Input data →
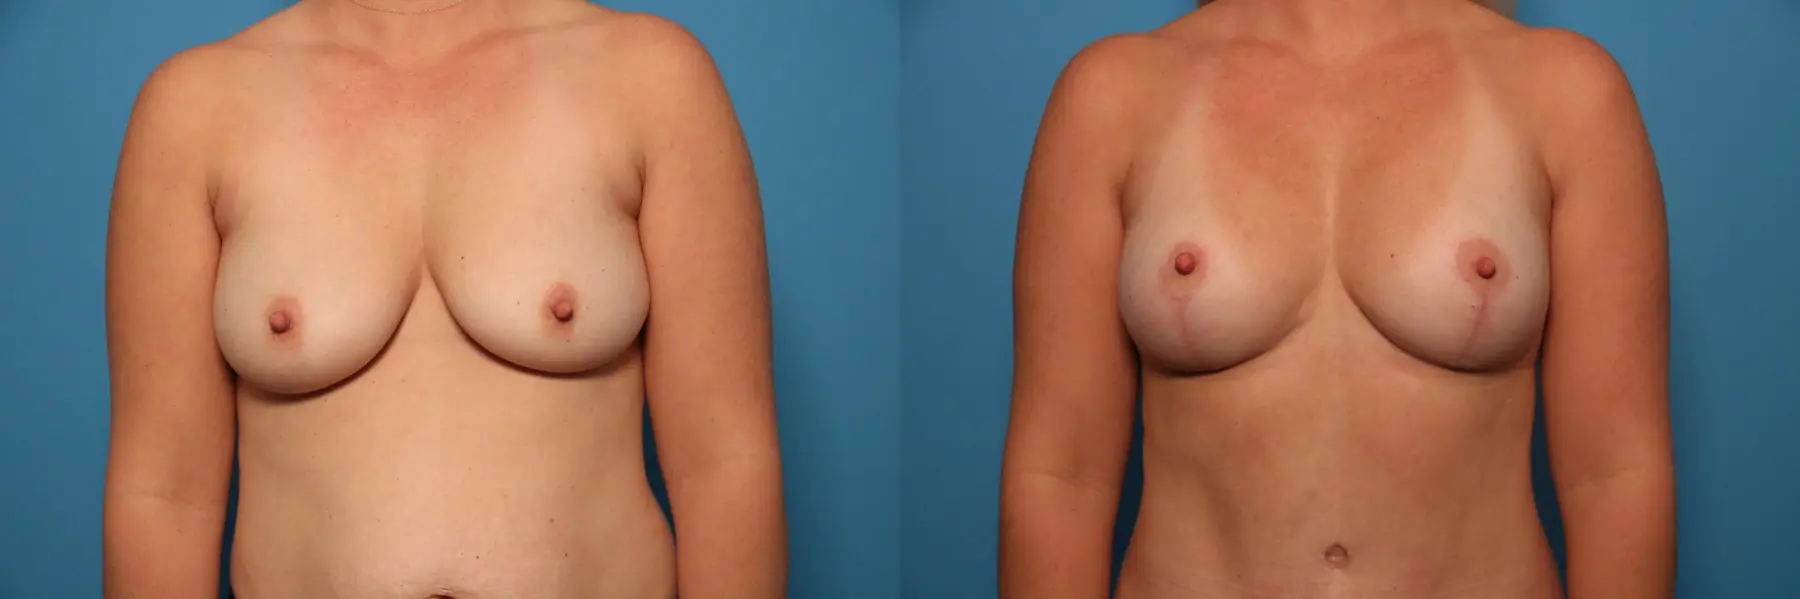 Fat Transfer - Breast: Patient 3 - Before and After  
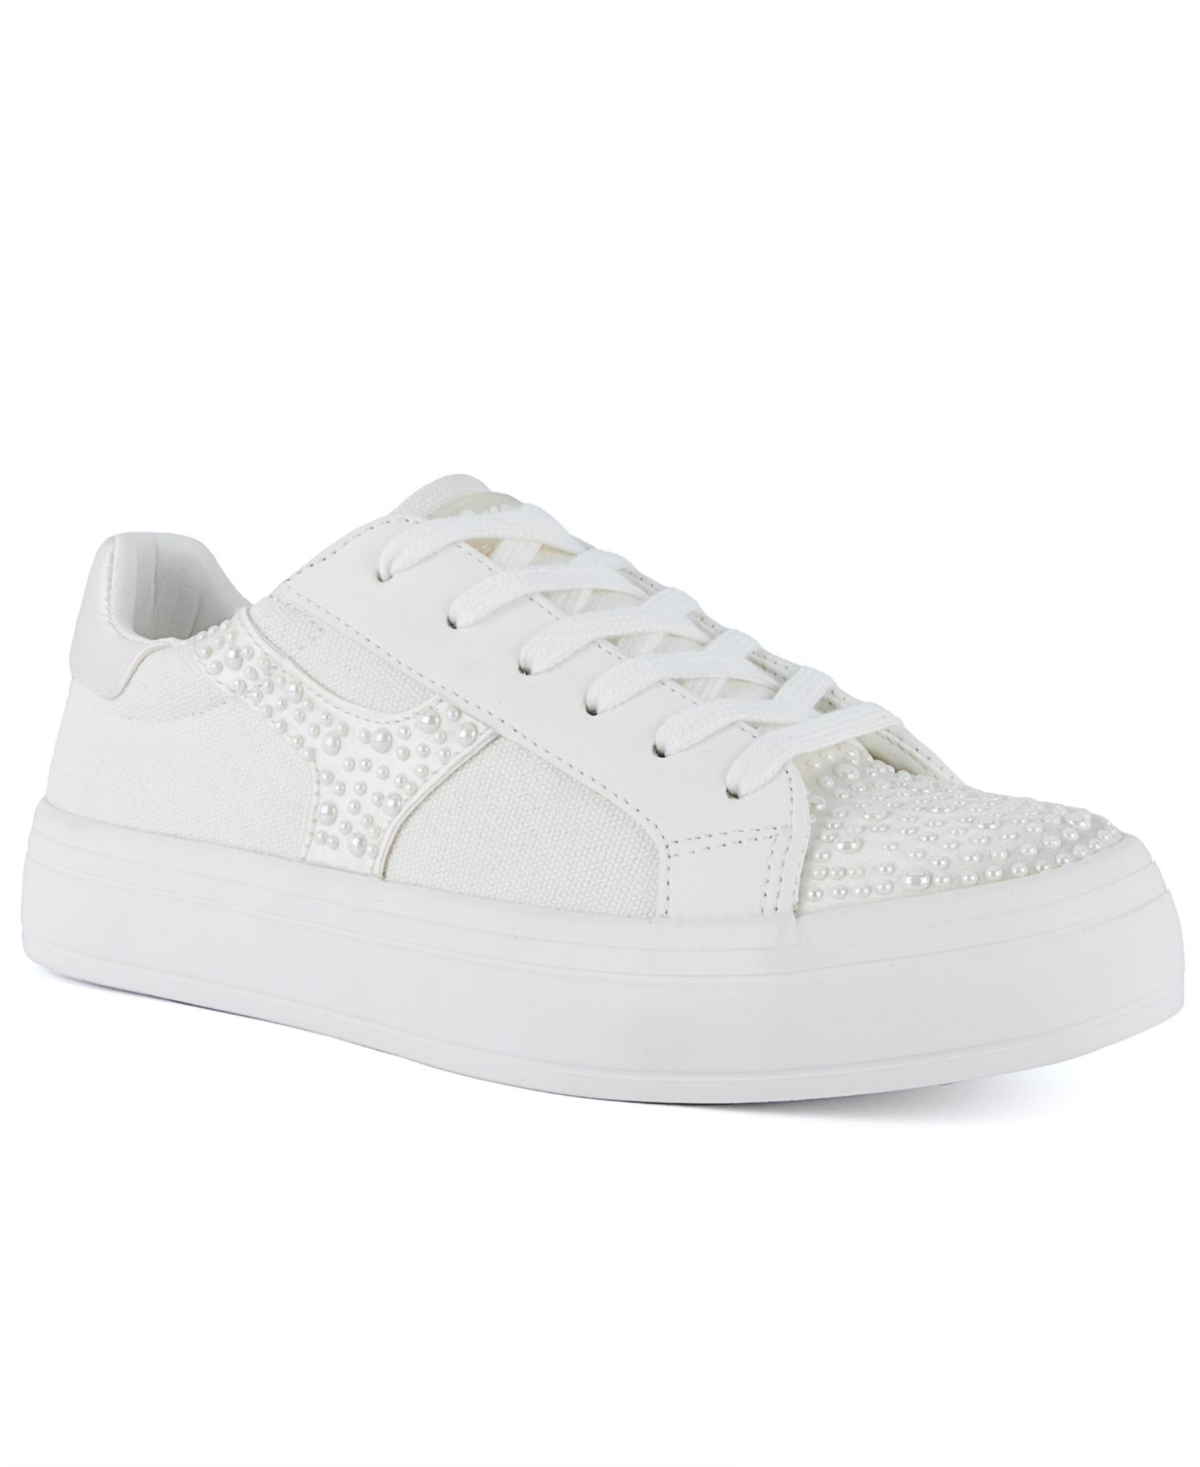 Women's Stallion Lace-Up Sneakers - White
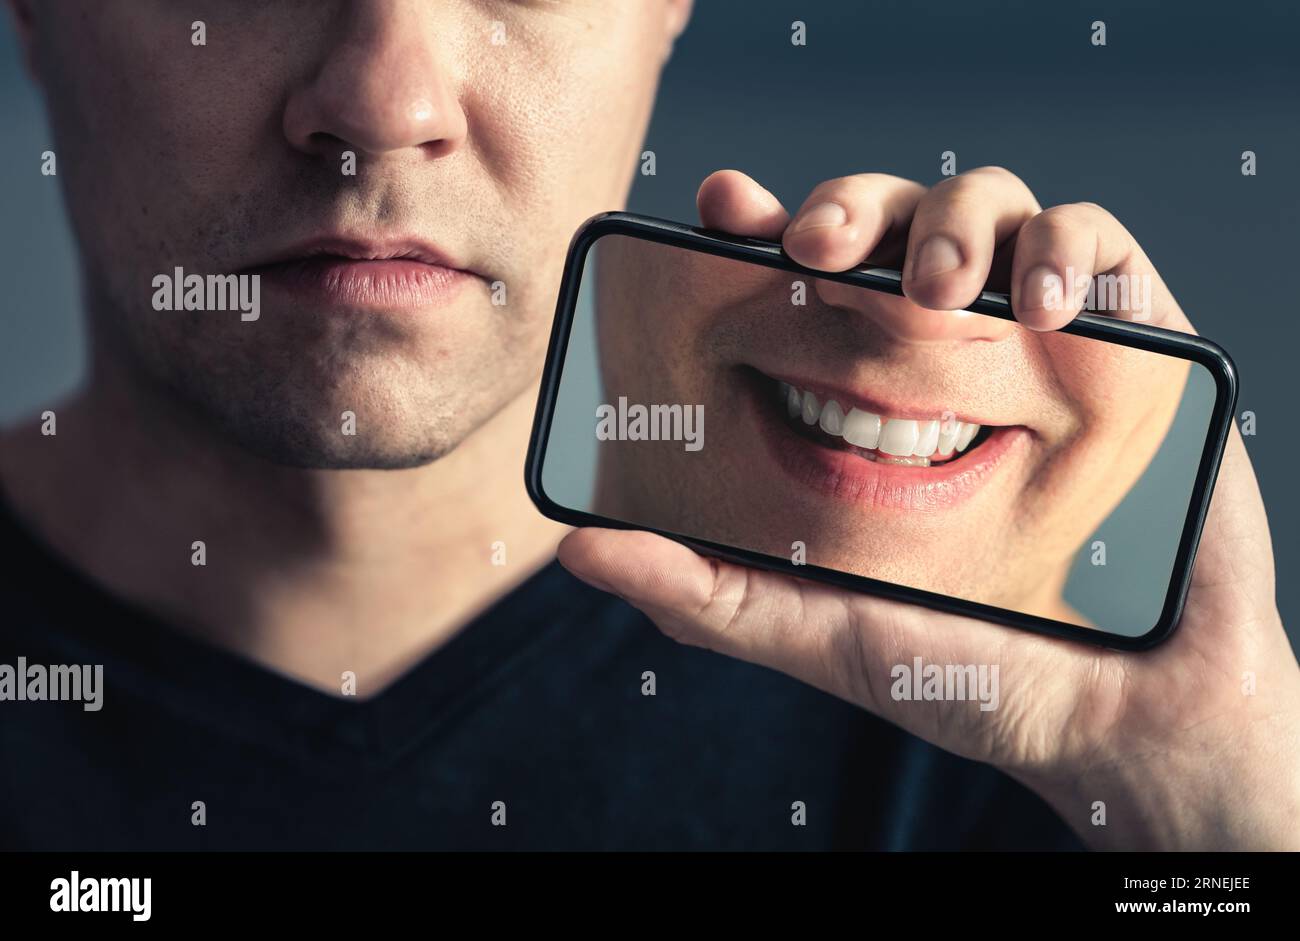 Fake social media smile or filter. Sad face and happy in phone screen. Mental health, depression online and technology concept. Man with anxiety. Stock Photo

Task item → Go through the material above and retype every line exactly, without the images.

Task solution →
 Fat Transfer - Breast: Patient 3 - Before and After  
 Women's Stallion Lace-Up Sneakers - White
 Fake social media smile or filter. Sad face and happy in phone screen. Mental health, depression online and technology concept. Man with anxiety. Stock Photo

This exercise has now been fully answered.